© JUNGE FREIHEIT Verlag GmbH & Co.  www.jungefreiheit.de  06/13 / 01. Februar 2013

Die ausgelagerte Kinderbetreuung
Durchgehend geöffnet
Rolf Dressler

Es lebe die Kita!“ In diesen Schlachtruf stimmt Deutschlands Einheitspartei anno 2013 fröhlich ein. Ob schwarz, blau-gelb, rot oder grün. Kinderaufbewahrung ist angesagt (siehe Seite 7), nur irgendwie artgerecht soll sie sein. Andersmeinende werden weggebügelt.

Beinahe schon vergessen, daß die böse, höhnisch-verächtliche Propagandaparole von der „Herdprämie“ immerhin zum Unwort des Jahres 2007 gekürt wurde. Völlig zu Recht. Denn wann je zuvor zogen die herrschende Politik, allen voran die jungen, alten, roten und grünen Erzsozialisten, und der Medientroß derart schäbig und ehrverletzend über Mütter her, die ihre Sprößlinge zumindest in den ersten Lebensjahren zu Hause umsorgen und aufziehen möchten?

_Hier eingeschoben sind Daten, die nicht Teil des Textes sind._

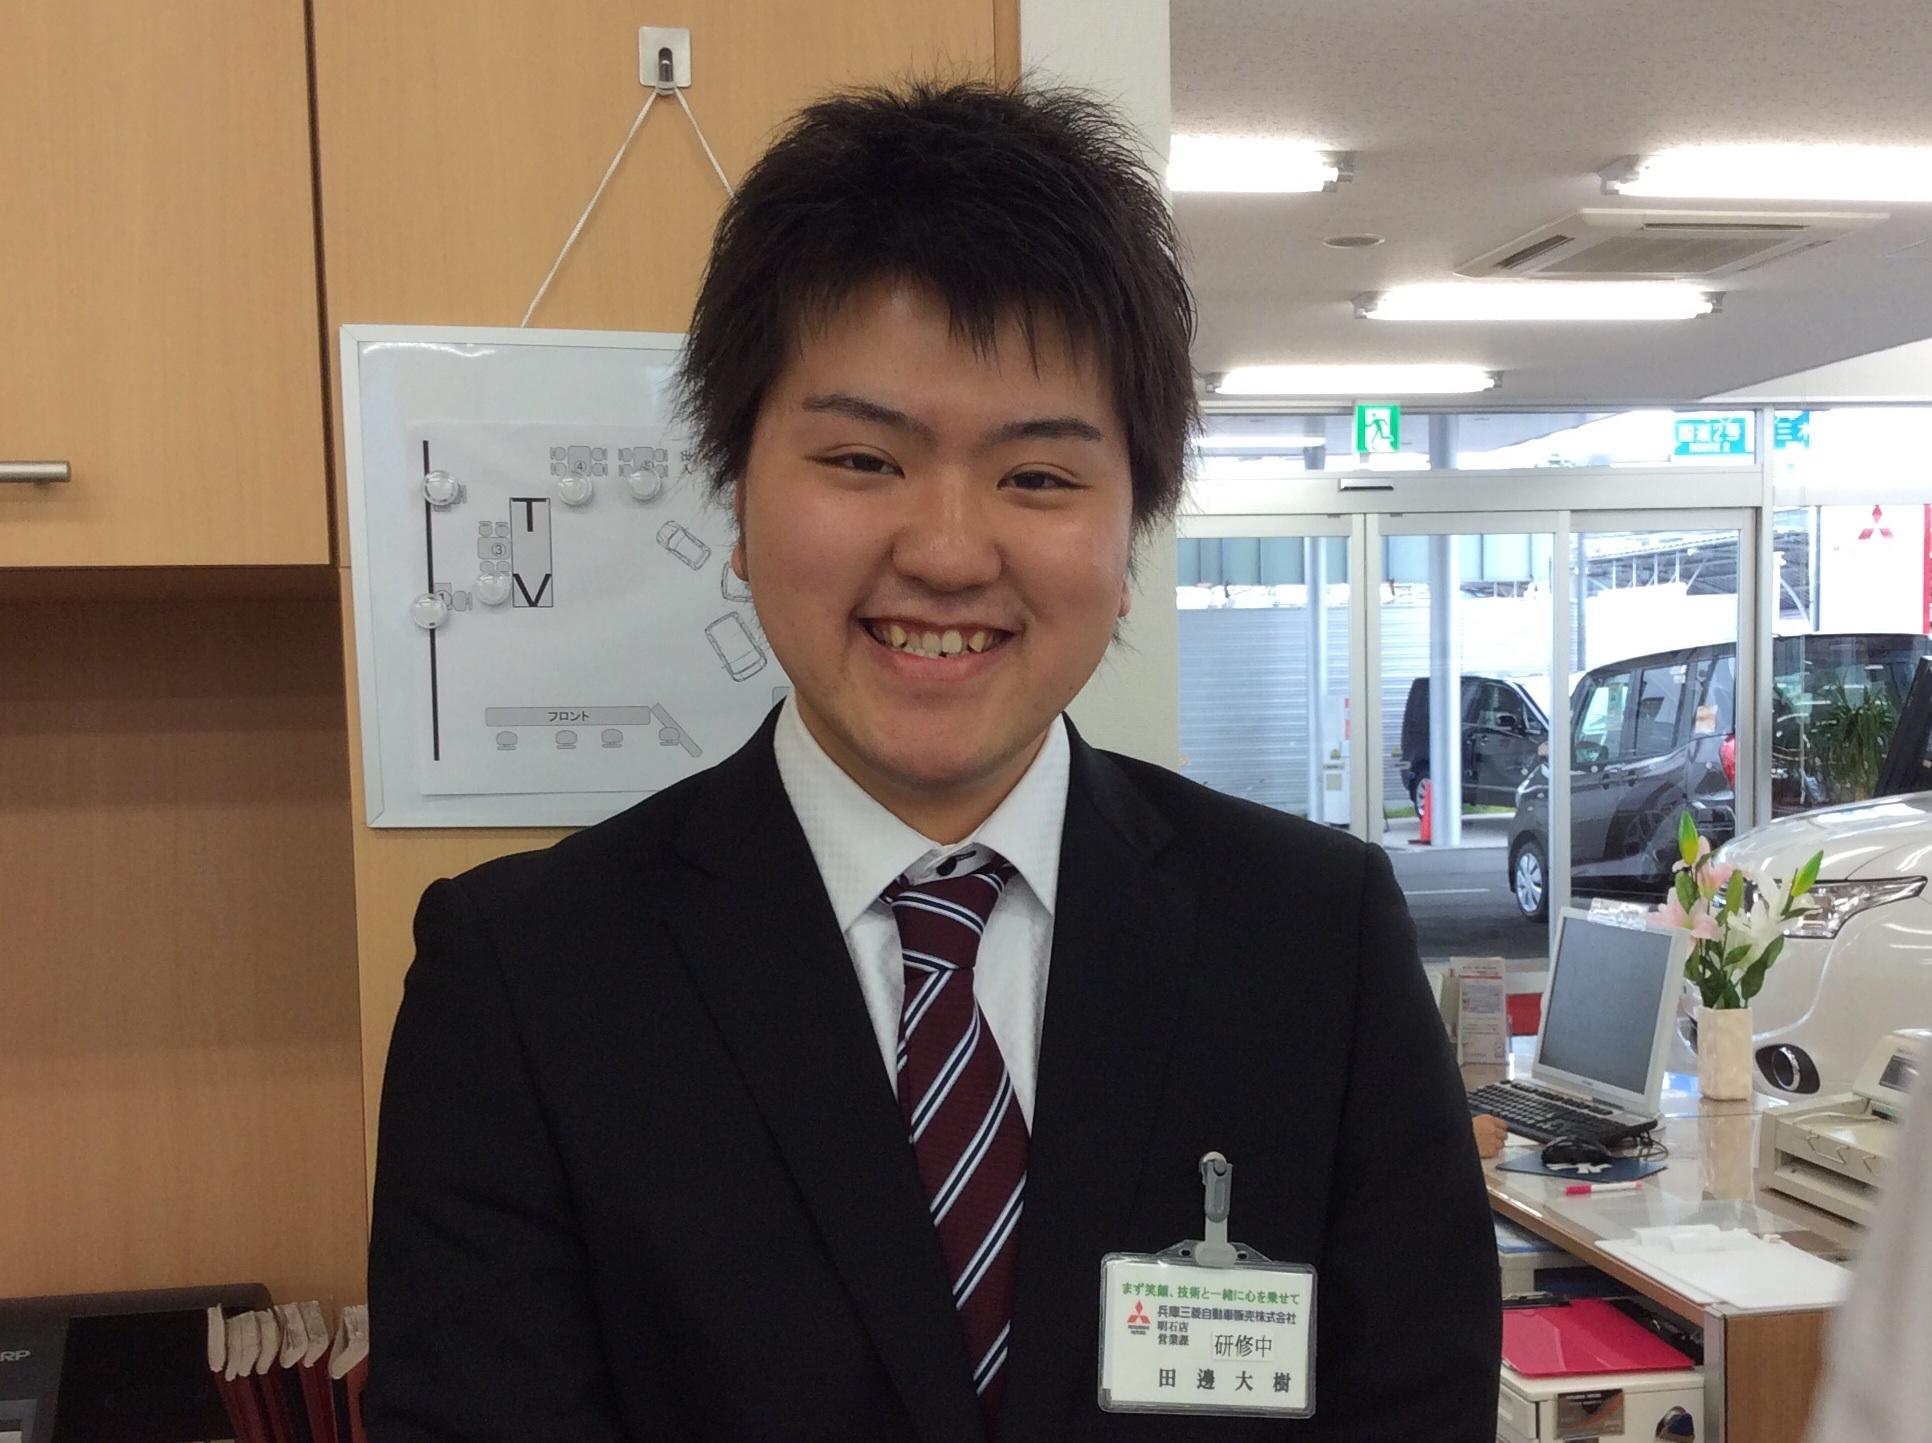 新入社員 田邊 大樹君です! なんと大学時代はエンターテイメントサークルというも... 新入社員

Da frohlockt, wen wundert’s, Arbeitgeberpräsident Dieter Hundt und verlangt, Mütter müßten nach der Geburt eines Babys so rasch wie möglich (wieder) berufstätig werden. Als Arbeitskräftepotential, als Verfügungsmasse der Wirtschaft eben. Ähnlich verräterisch reden auch Fußballmanager und -trainer leicht und locker vom „Spielermaterial“, das man für den Erfolg nun einmal „auf dem Markt“ zusammenkaufen müsse.

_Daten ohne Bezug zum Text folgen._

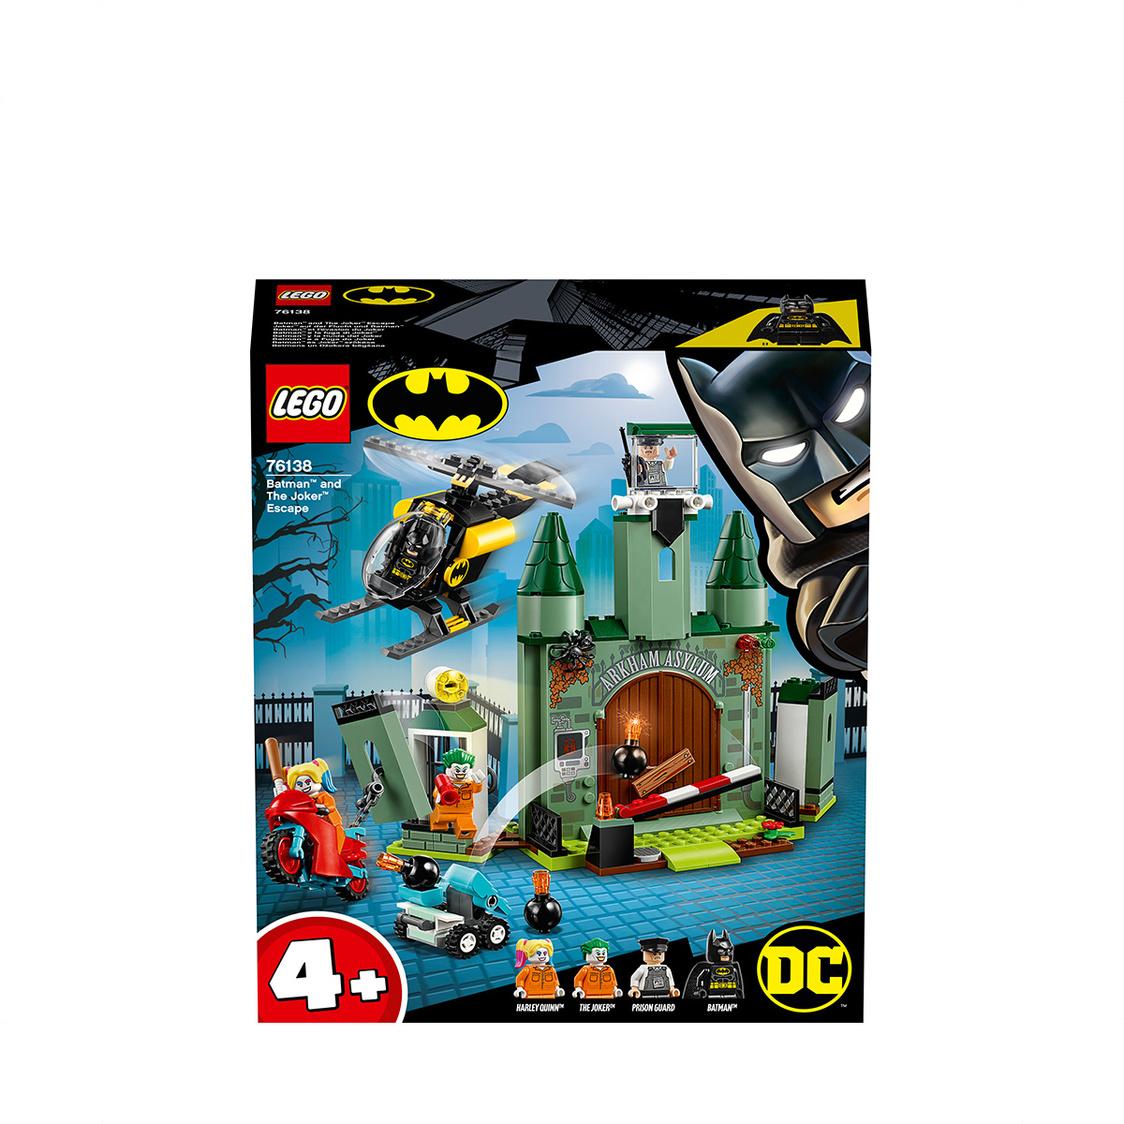 LEGO Batman - Batman And The Joker Escape 76138 V29

Doch haben sich einst, vor nun bald 90 Jahren, nicht schon Sowjetrußlands glorreich revolutionäre Bolschewiken mit ihrer infam familien-, eltern- und kinderfeindlichen Familienpolitik mächtig vergaloppiert – und sie, o Wunder, sogar korrigiert mit einer Kehrtwende, wie sie in unseren Tagen nicht einmal mehr die Seehofer-CSU vollbringen könnte? Im damals aufgewühlten Rußland wurden Ehescheidungen wieder deutlich erschwert, Abtreibungen wieder mit Strafe belegt.

Bei uns indes geht es in der Gegenrichtung munter voran: Im bayerischen Steinbach am Wald im Landkreis Kronach (3.318 Einwohner) versteht sich der CSU-Bürgermeister Klaus Löffler als Pionier einer elternfernen Nachwuchsaufbewahrung vom ersten Lebensjahr an – bis zum Eintritt ins Berufsleben. Der dortige Kinderhort Sankt Franziskus hat schon jetzt von 6 Uhr morgens bis 22 Uhr geöffnet. Und in Schwerin zielt die 24-Stunden-Kita „Nidulus“ („Nestchen“) auf „den Nerv der modernen Arbeitswelt“ – geöffnet an allen 365 Tagen des Jahres, also auch an Weihnachten. Der fatale Anfang ist längst gemacht. Ende offen.

 

Rolf Dressler war langjähriger Chefredakteur beim „West­falen-Blatt“ in Bielefeld und ist nun freier Journalist.